Work task:
Below this line is a set of entries; quote exactly the lines from the line that contains "knot front kitten" to the line that contains "Casa nel Bosco bathroom mirror", both lines included.

The data:
------------------------
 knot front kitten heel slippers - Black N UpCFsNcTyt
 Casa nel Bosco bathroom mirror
------------------------
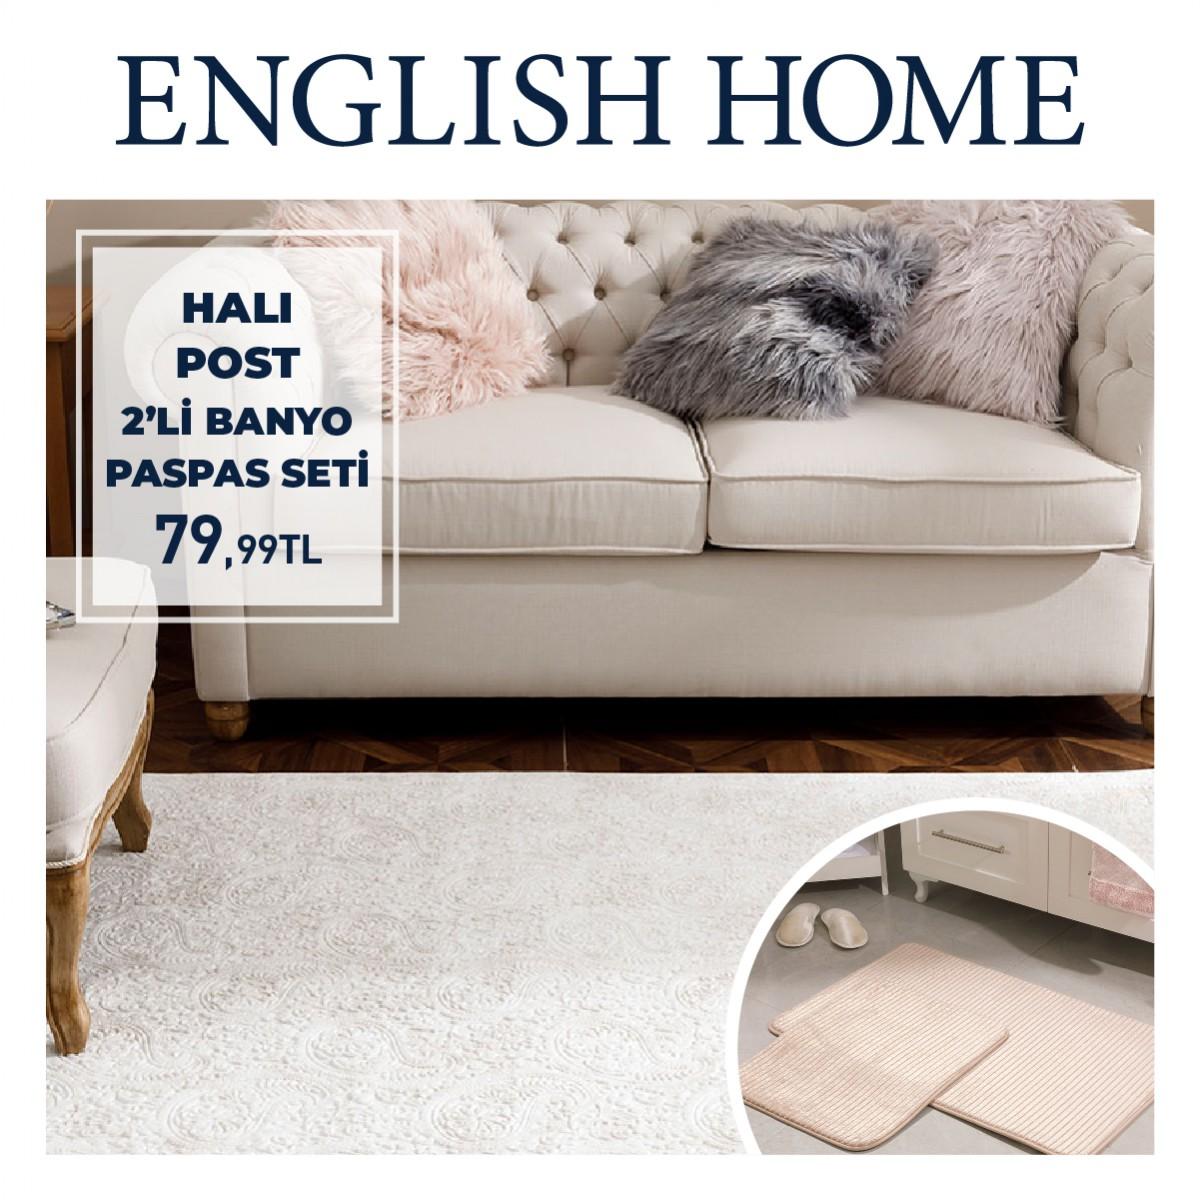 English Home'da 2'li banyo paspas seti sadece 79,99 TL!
------------------------
Your response:
 knot front kitten heel slippers - Black N UpCFsNcTyt
 Casa nel Bosco bathroom mirror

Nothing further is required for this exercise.